N.B If creating your own basis it is critical that odds ratios are aligned, failure to do so will result in a junk basis.

Loading in data

The loading of data is handled through get_gwas_data routine like so

gwas.DT<-get_gwas_data(TRAIT_MANIFEST_FILE,SNP_MANIFEST_FILE,GWAS_DATA_DIR)
#> Processing VIT
#> Processing UC
#> Processing CD
#> Processing RA
#> Processing SLE
#> Processing T1D
#> Processing PSC
#> Processing asthma
#> Processing PBC
#> Processing CEL
#> Processing MS
#> Adding reference snp manifest annotations

The data.table object gwas.DT contains all the data required for the next step of calculating the shrinkage values to appy to the \(\beta\) of all traits.

head(gwas.DT,n=10) %>% knitr::kable()

pid	a1	a2	or	p.value	trait	n	n1	maf	ld.block
10:101291593	T	C	0.990	6.52e-01	VIT	44266	4680	0.480825	1984
10:101291593	T	C	0.862	0.00e+00	UC	45975	12366	0.480825	1984
10:101291593	T	C	0.850	0.00e+00	CD	40266	12194	0.480825	1984
10:101291593	T	C	1.000	8.30e-01	RA	58284	14361	0.480825	1984
10:101291593	T	C	1.000	8.79e-01	SLE	10995	4036	0.480825	1984
10:101291593	T	C	0.966	1.62e-01	T1D	14742	5913	0.480825	1984
10:101291593	T	C	0.876	1.52e-05	PSC	24751	4796	0.480825	1984
10:101291593	T	C	0.987	3.25e-01	asthma	127669	19954	0.480825	1984
10:101291593	T	C	1.010	8.61e-01	PBC	13239	2764	0.480825	1984
10:101291593	T	C	0.981	4.57e-01	CEL	15283	4533	0.480825	1984

computing shrinkage (for illustrative purposes only)

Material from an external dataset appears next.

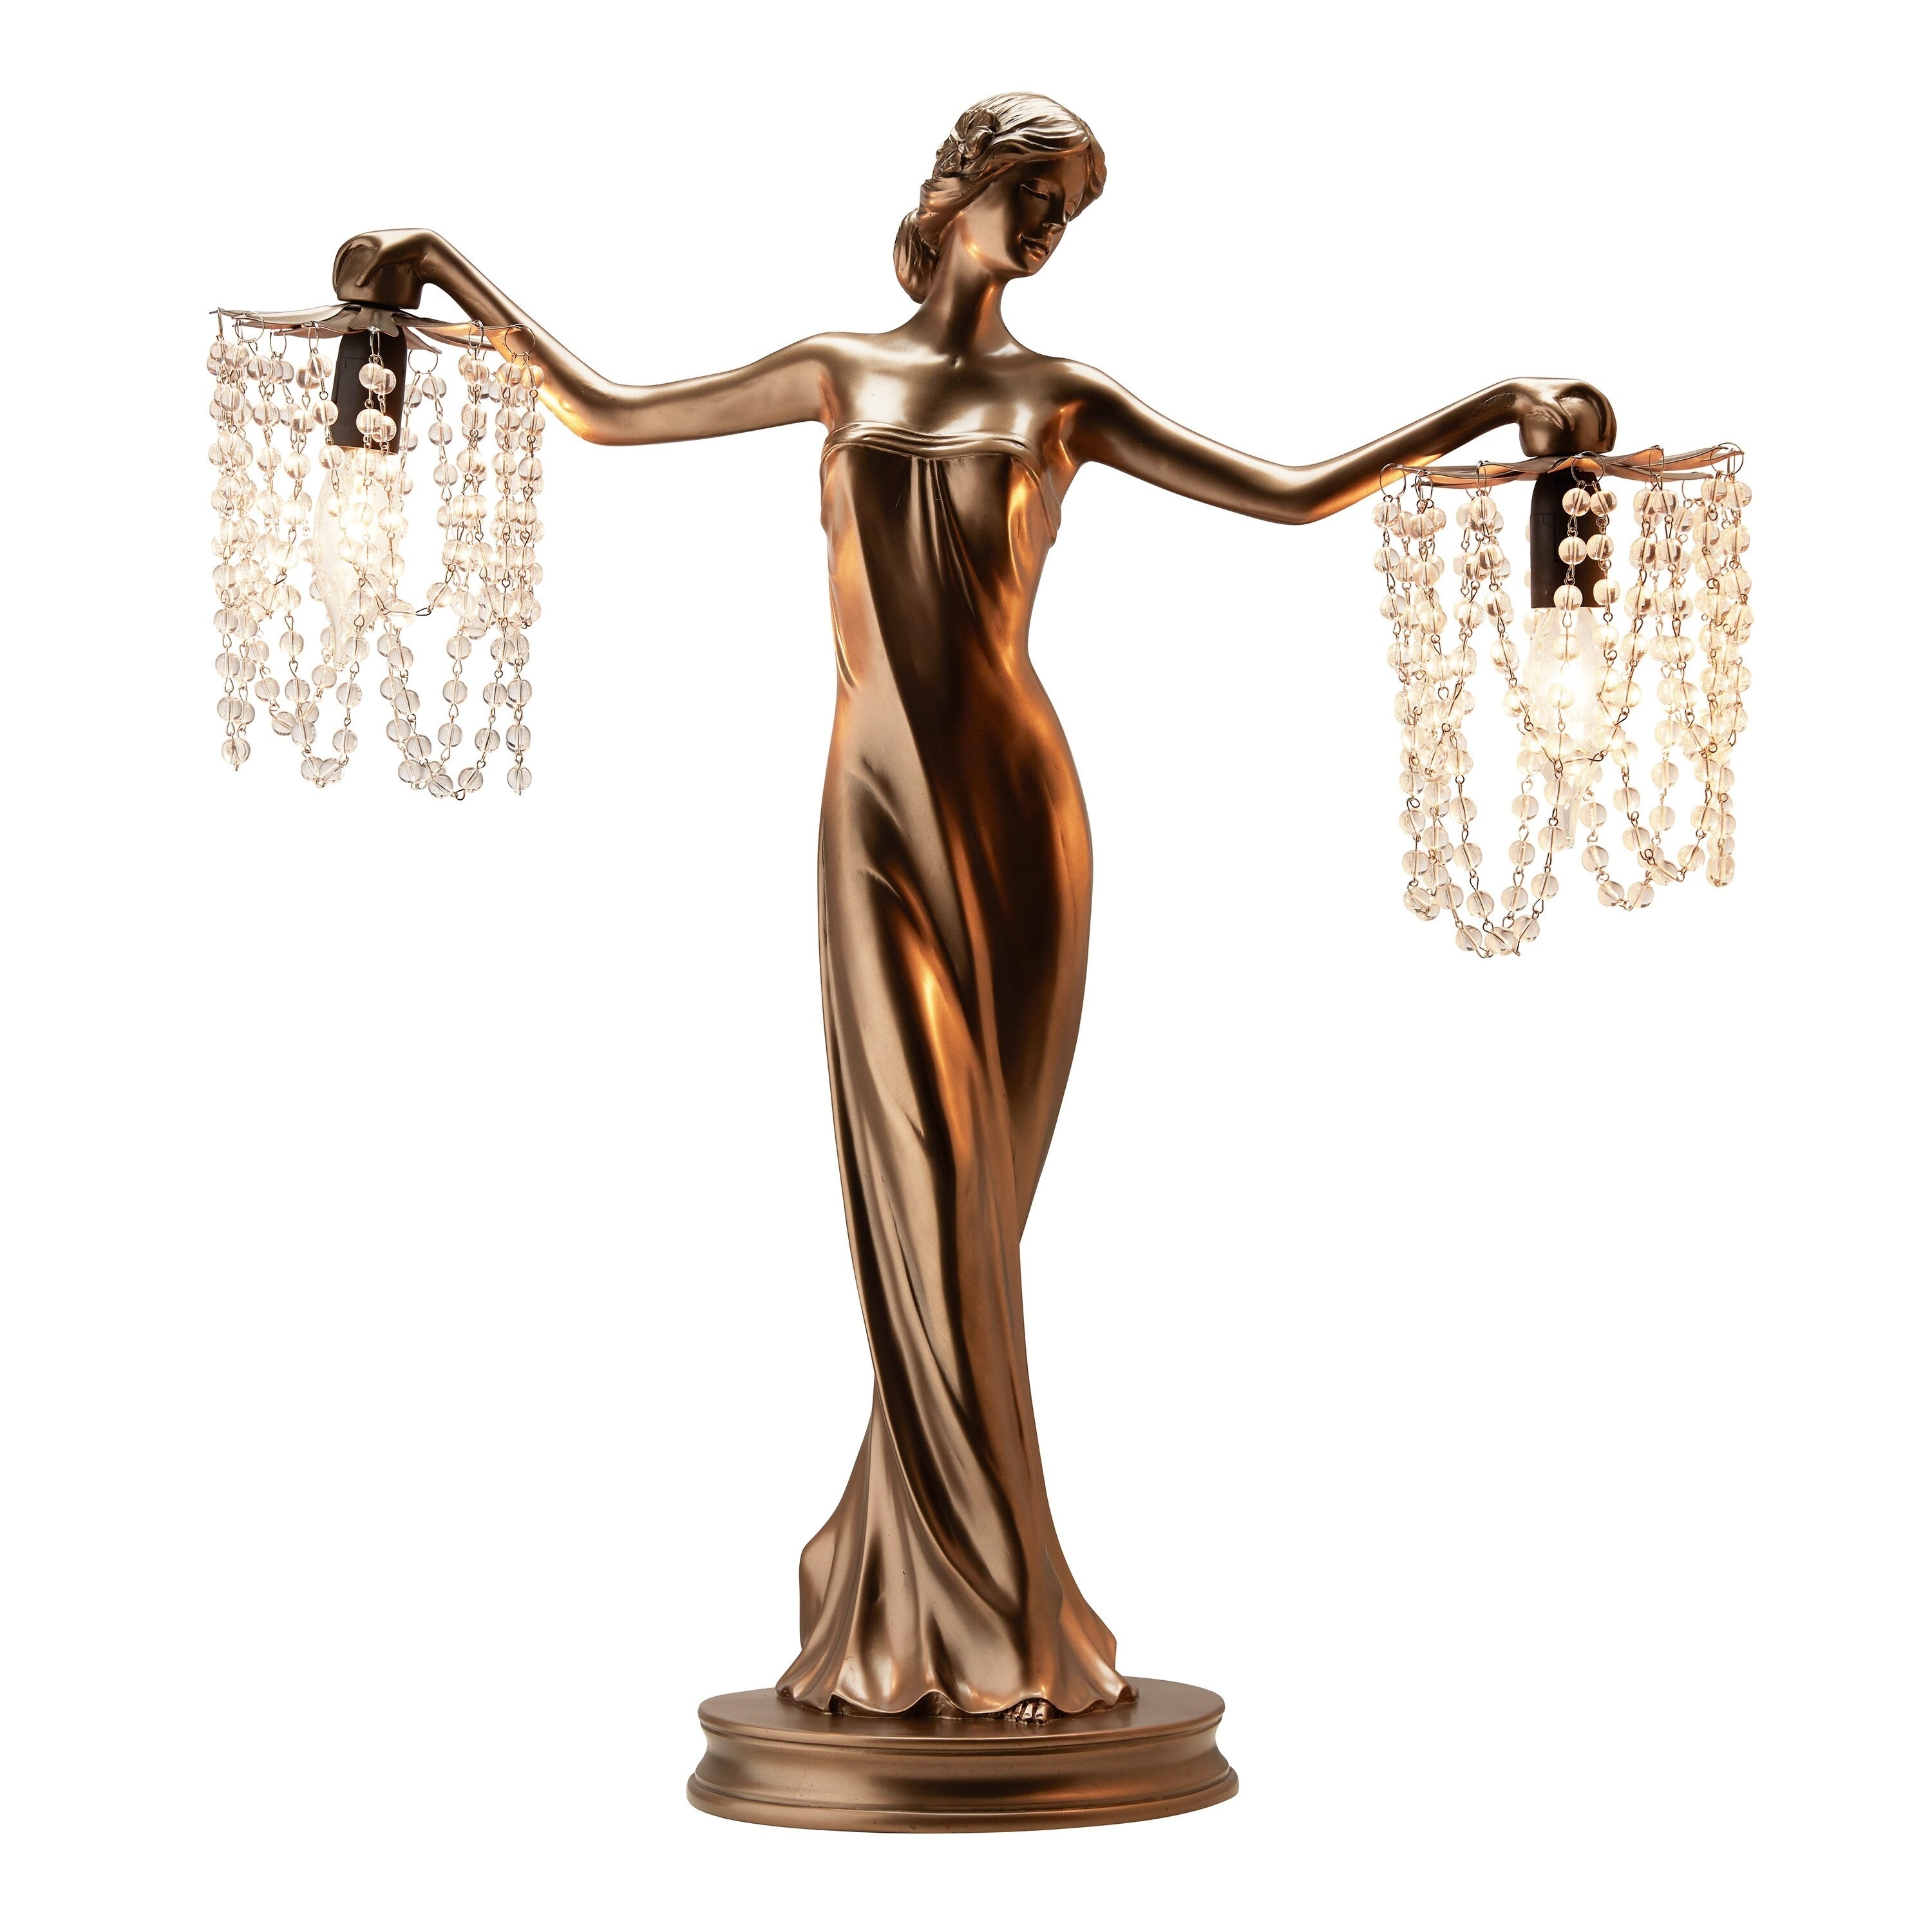 Art nouveau lamp woman as a decorative accent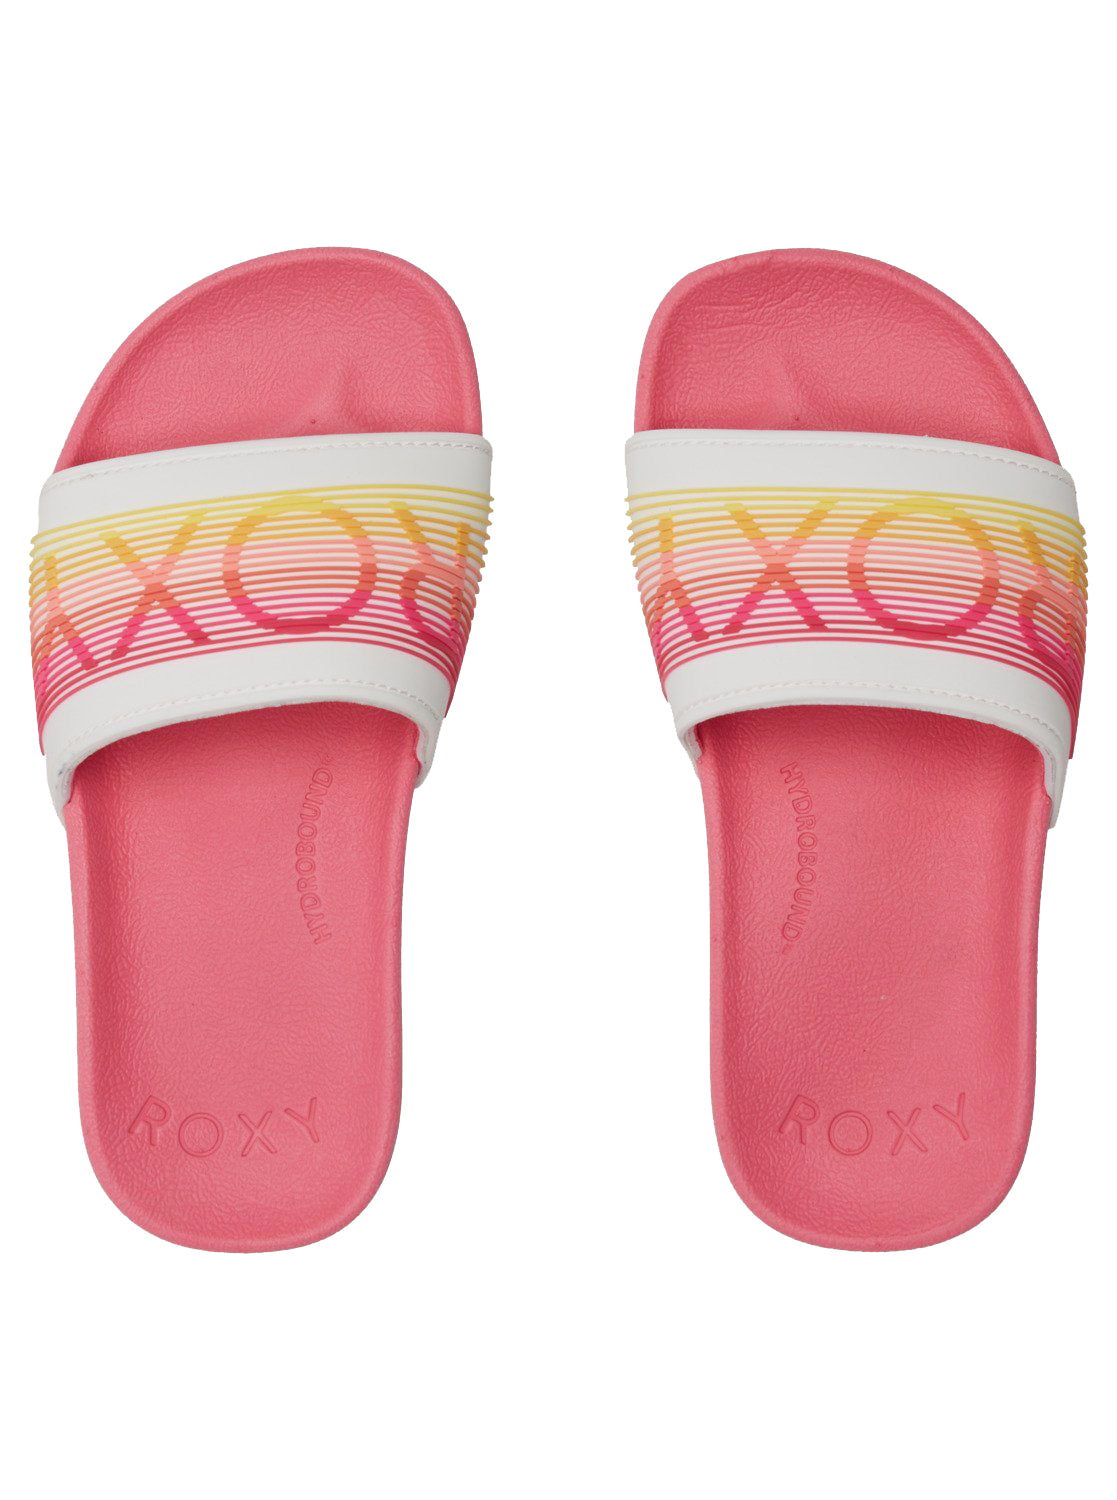 Roxy Slippy LX Girls Sandal PN1-Pink 1 11 C

Next we use the data.table created to compute shrinkages like so

shrink.DT<-compute_shrinkage_metrics(gwas.DT)
#> Computing maf_se_estimated using or, sample size and p.value
#> Computing weighted pp shrinkage
head(shrink.DT,n=10) %>% knitr::kable()

pid	shrinkage
10:101291593	0.2214884
10:112186148	0.1688061
10:115481018	0.1443190
10:131562993	0.0925682
10:27177245	0.1409768
10:30802799	0.1630738
10:33426147	0.1701374
10:35359619	0.1798183
10:59893930	0.0841185
10:6106266	0.0358252

Note that this shrinkage object is for illustrative purposes only and it should not be generated from a sparse map of SNPs such as the one included in this package.

Creating the basis

The final step is to create a basis. This can be done using the create_basis command. Note there is an apply.shrinkage option that allows the creation of a basis without the application of any shrinkage.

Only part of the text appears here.